Emmelia le contestó mirándole a la cara:
—Tú eres quien hubiese tenido que pensar en la publicidad antes de contratar al profesor Yapp para que escribiera la historia de la familia —dijo en tono muy seco—. Si no hubieses enviado a ese pobre hombre para que husmease en Buscott, hoy no se encontraría donde está.
—Esta frase me parece carente de lógica —dijo el juez—. Yapp hubiese podido asesinar a cualquier otra persona en cualquier otro lado.
Emmelia alzó la vista y la posó en un retrato de su madre, tratando de encontrar apoyo en ella, pero no halló allí más que el impecable aburrimiento de una mujer que había dedicado su vida a cumplir su deber en cientos de banquetes y fiestas de fin de semana. Su mirada opaca no le brindaba el menor apoyo. Sólo le recordó que la lealtad a la familia era más importante que las preferencias personales. Nada había cambiado ni nada cambiaría nunca. En toda Inglaterra la gente seguía comportándose tan alocadamente como ella en los últimos días, pero, a diferencia de los otros, Emmelia era una persona influyente y, gracias a ello, podía librarse de las consecuencias de sus actos. La inocencia no tenía lugar en aquel mundo tan dividido.
—Estoy dispuesta a seguir vuestro consejo, pero con una condición —dijo por fin—. Que utilicéis vuestra influencia…
—Si no haces lo que te decimos, nuestra influencia no servirá de nada —la interrumpió el juez—. Si perdemos nuestra fama de ciudadanos probos, nos quedamos sin influencia. Esta es la clave de la cuestión.
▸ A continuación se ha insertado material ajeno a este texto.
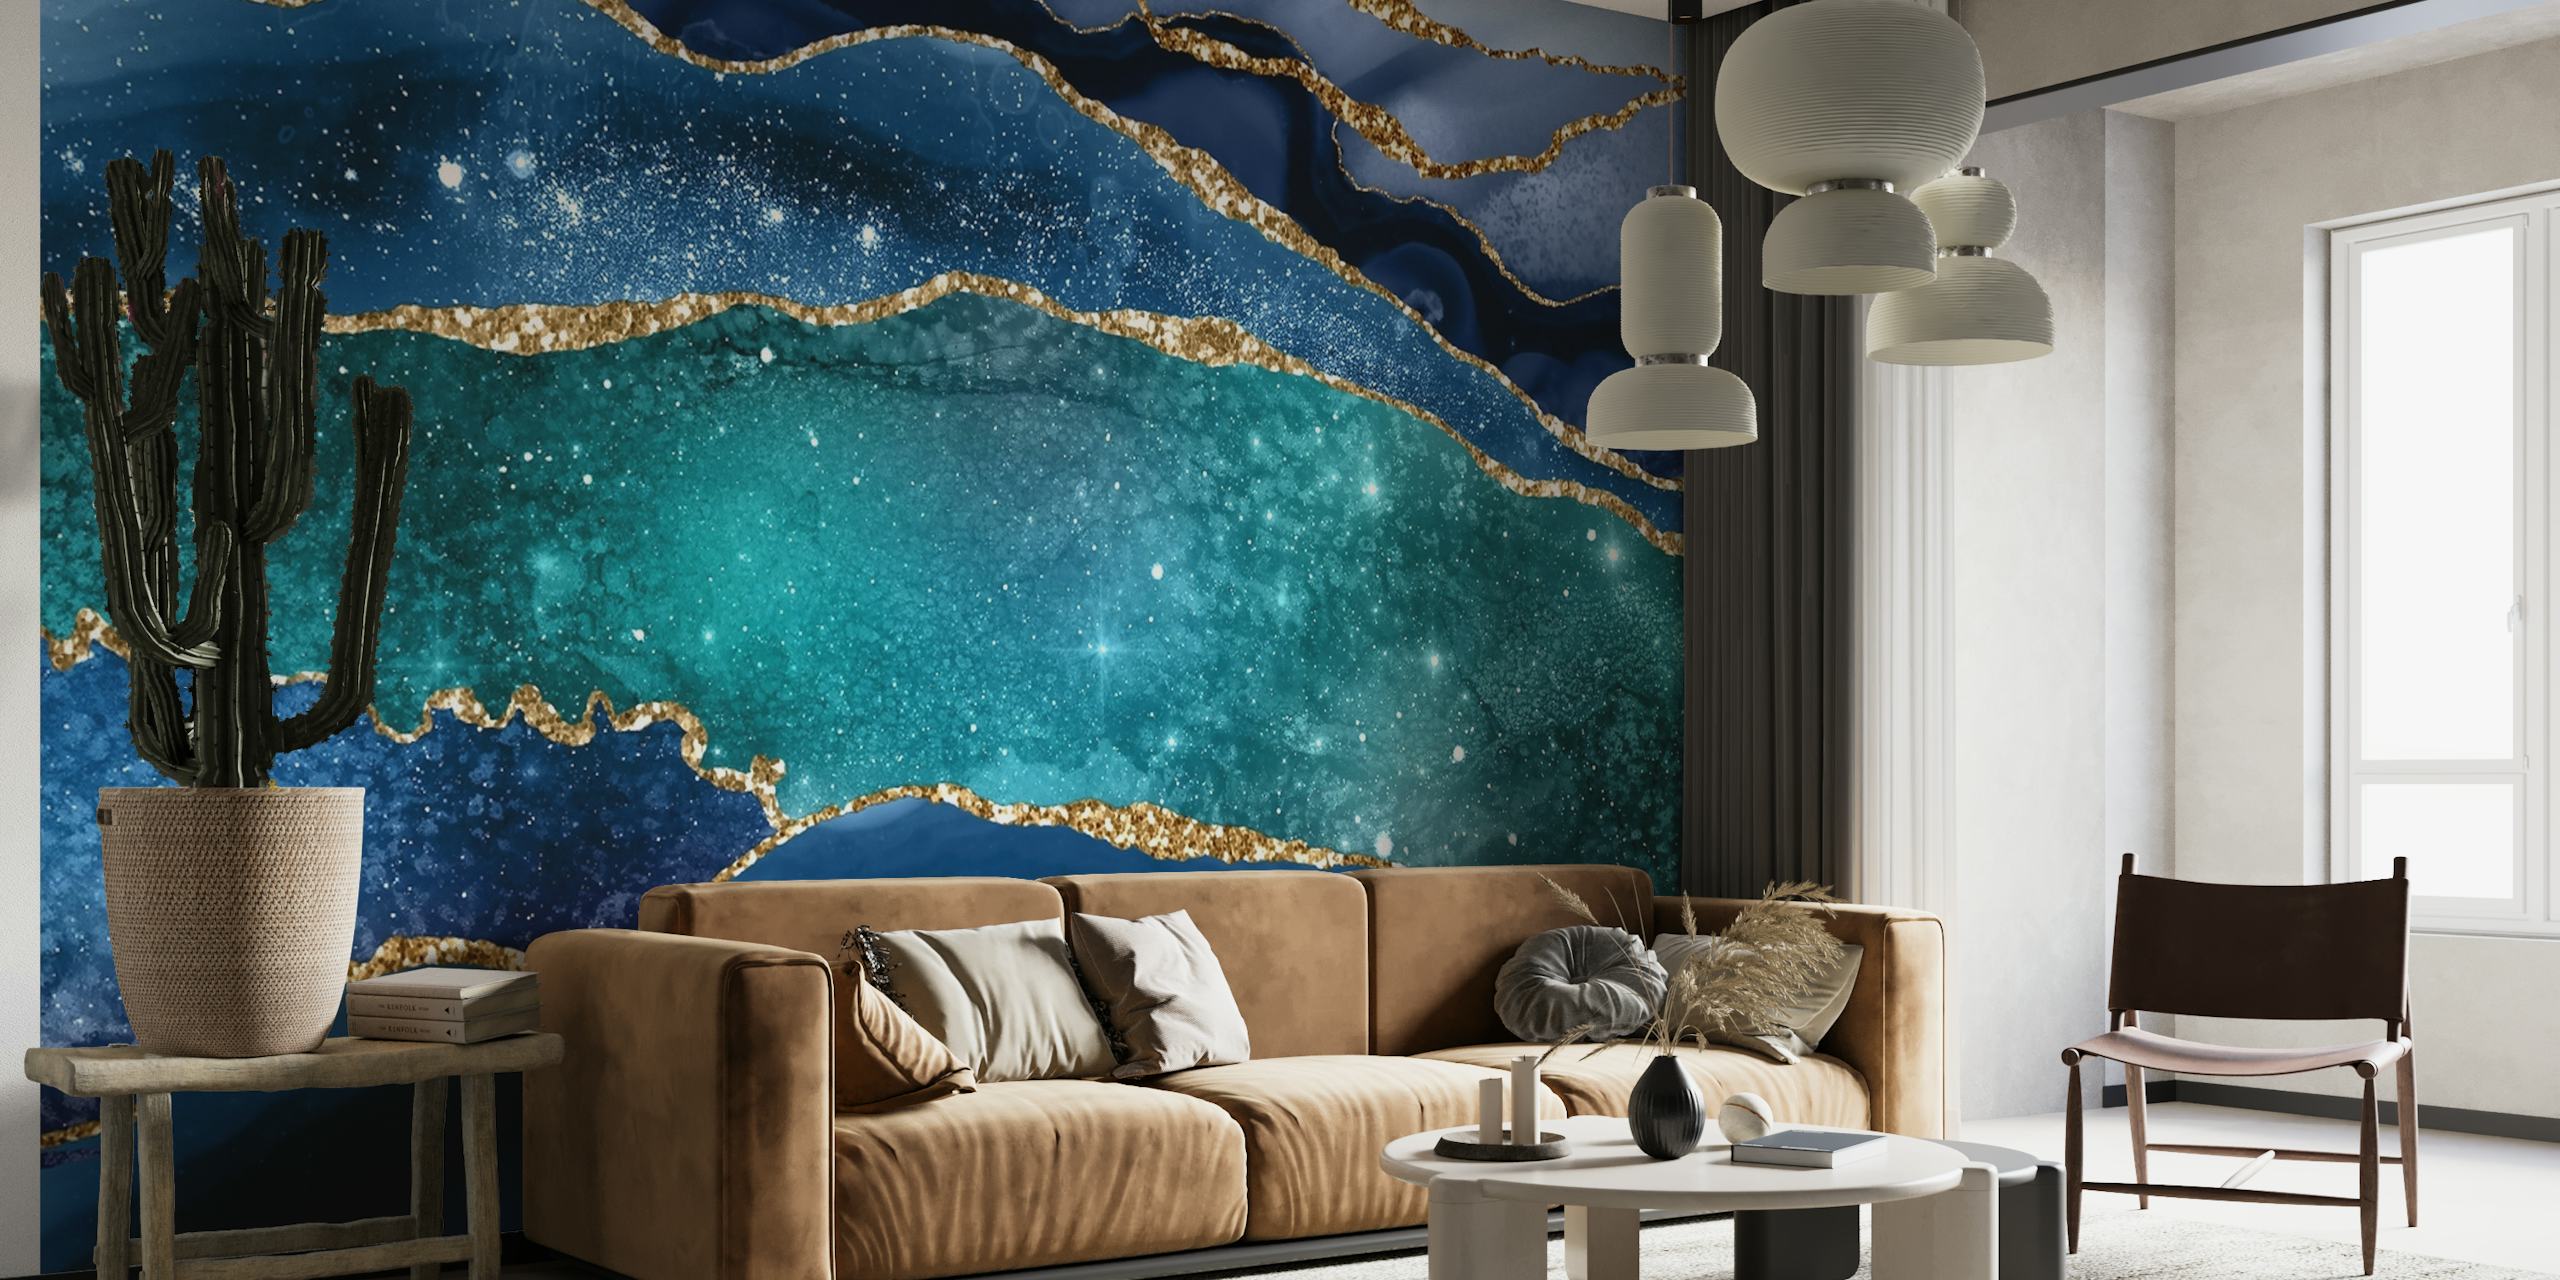 Marmeren textuur met galactisch thema en gouden aderen die lijken op een sterrenhemel

Durante unos momentos Emmelia estuvo a punto de ceder y aceptar sumisamente lo que le pedían, pero ese impulso sólo duró unos momentos. Alzó la vista y vio una sonrisa triunfal en los labios de Lord Petrefact. Era un grotesco recordatorio de los tiempos de su rivalidad infantil, algo así como una calavera sonriente. Una provocación.
—Quiero discutir este asunto con Ronald, a solas —dijo con voz serena.
—Como quieras —dijo el juez, poniéndose en pie, pero Lord Petrefact no opinaba lo mismo.
—No me dejéis solo con ella —chilló—. Está loca. Está como una cabra. ¡Por Dios…! ¡Croxley!
Pero sus dos primos ya habían salido, y estaban hablando en voz baja junto a la puerta.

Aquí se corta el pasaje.